Stack the six window constraints into the (n − m + 1) × n design matrix D (row i is [0,…,0, 1,1,1,1,1, 0,…,0] with the five 1s at positions i..i+4), then R = DTD. Entry Rab counts how many windows contain both positions a and b.
| 1 | 2 | 3 | 4 | 5 | 6 | 7 | 8 | 9 | 10 | |
|---|---|---|---|---|---|---|---|---|---|---|
| 1 | 1 | 1 | 1 | 1 | 1 | 0 | 0 | 0 | 0 | 0 |
| 2 | 1 | 2 | 2 | 2 | 2 | 1 | 0 | 0 | 0 | 0 |
| 3 | 1 | 2 | 3 | 3 | 3 | 2 | 1 | 0 | 0 | 0 |
| 4 | 1 | 2 | 3 | 4 | 4 | 3 | 2 | 1 | 0 | 0 |
| 5 | 1 | 2 | 3 | 4 | 5 | 4 | 3 | 2 | 1 | 0 |
| 6 | 0 | 1 | 2 | 3 | 4 | 5 | 4 | 3 | 2 | 1 |
| 7 | 0 | 0 | 1 | 2 | 3 | 4 | 4 | 3 | 2 | 1 |
| 8 | 0 | 0 | 0 | 1 | 2 | 3 | 3 | 3 | 2 | 1 |
| 9 | 0 | 0 | 0 | 0 | 1 | 2 | 2 | 2 | 2 | 1 |
| 10 | 0 | 0 | 0 | 0 | 0 | 1 | 1 | 1 | 1 | 1 |
- Bandwidth = 2m − 1 = 9: Rab = 0 whenever |a − b| ≥ m (no length-m window can contain both).
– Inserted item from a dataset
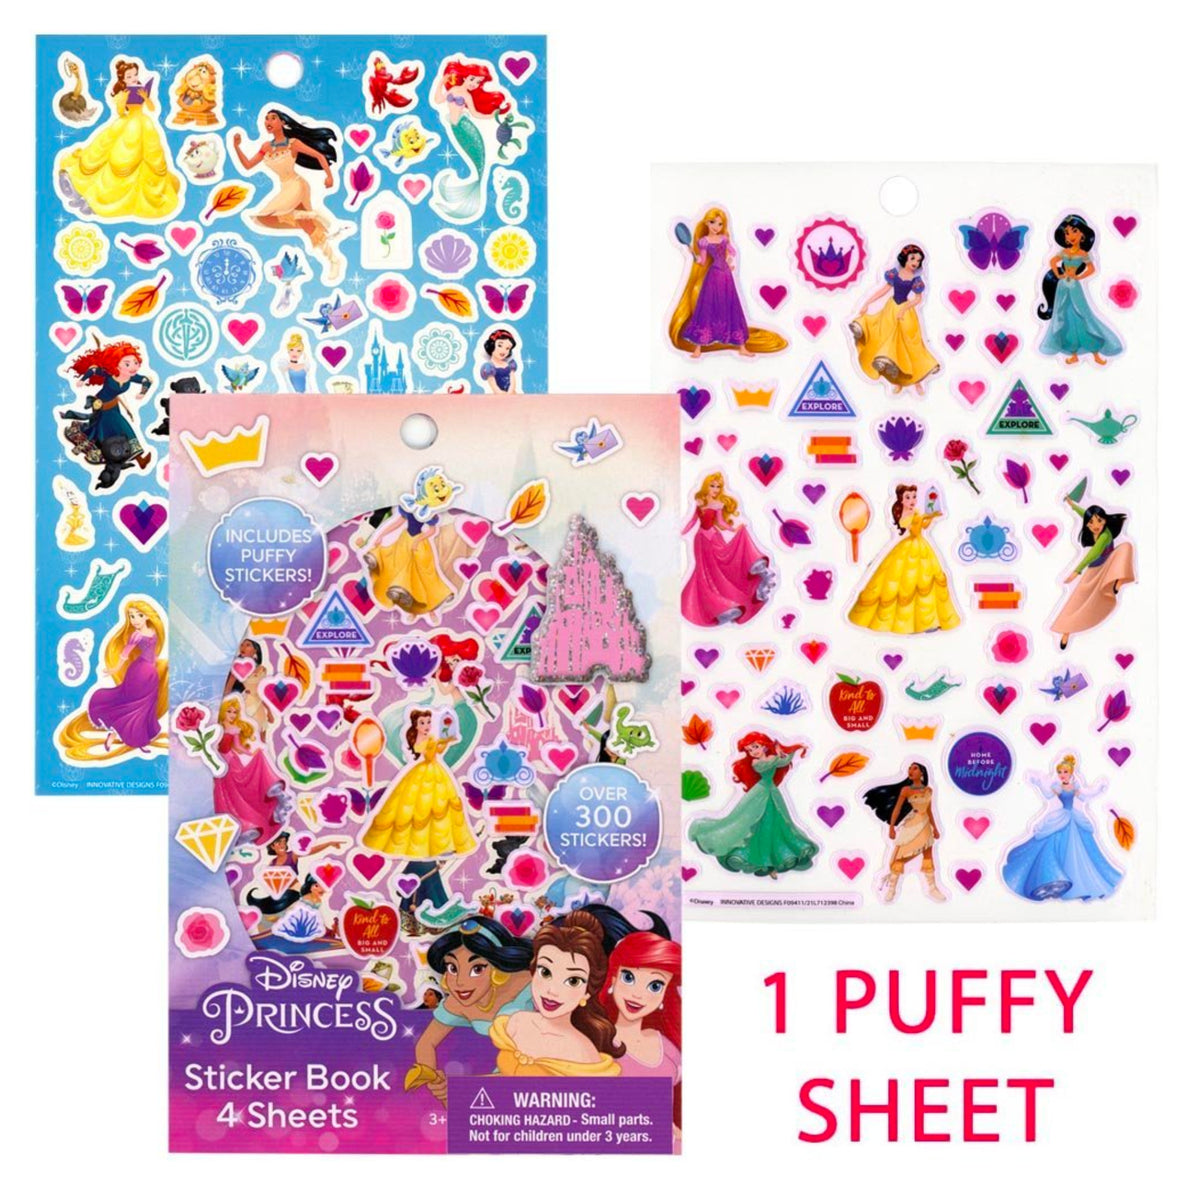 Princess Sticker Book with 1 Puffy Sheet

- Interior diagonal = m = 5: positions in the middle of the index sit inside all m overlapping windows; positions near the boundary sit in fewer (a triangular ramp 1, 2, 3, 4, 5 from each corner).
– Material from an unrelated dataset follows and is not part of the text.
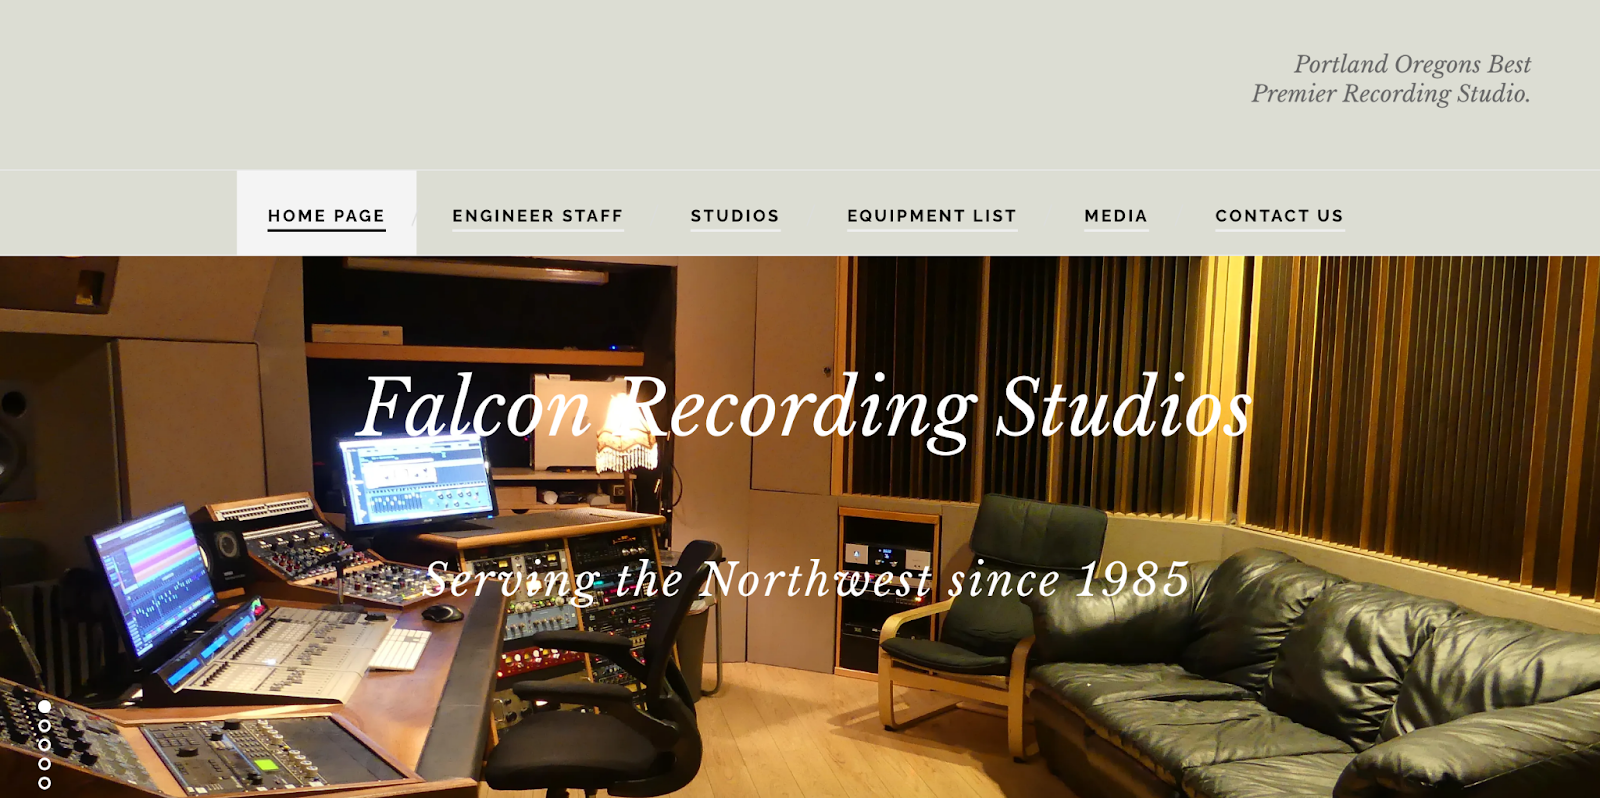 Falcon Recording studio One Of The Top 7 Best Recording Studios in Portland, Oregon

- Interior off-diagonals decay linearly: row 5 reads
1, 2, 3, 4, 5, 4, 3, 2, 1, 0, the autocorrelation of the all-ones vector of length m with itself. - Rank deficiency = m − 1 = 4: there are m − 1 directions that all windowed sums miss. (Concretely: shifting every value at slot k ≡ const (mod m) by the same amount while keeping the within-period sum at zero leaves every length-m sum unchanged.) An intercept absorbs one direction; the rest are pinned by data.
| Aspect | RW1 (case 5) | RW1 cyclic (case 7) | Seasonal (case 10) |
|---|---|---|---|
| Prior is on | neighbor increments ui − ui−1 | same as RW1, plus the wrap pair un − u1 | sliding sums of m consecutive values |
| Built-in period | none, just smoothness | the full length n (one big loop) | configurable m via season.length |
| Forces ui+m = ui? | no period at all | only at the wrap (i = n ↔ i = 1) | no, only the sums are constrained |
| Typical sample | smooth random walk | smooth walk that closes back on itself | oscillation around zero with cycle m |
| When to reach for it | monotone trend, drift, no recurring shape | angle, day-of-year, anything truly periodic with one full cycle of data | monthly seasonality across years, weekly across weeks, etc. |
- RW1 ties neighbors together: good for smoothness, no period.
- RW1 cyclic ties neighbors and closes the loop end-to-start: good when the index itself is a circle (angles, day-of-year).
- Seasonal ties every windowed sum of length m: good when the pattern repeats every m steps and you have several cycles of data.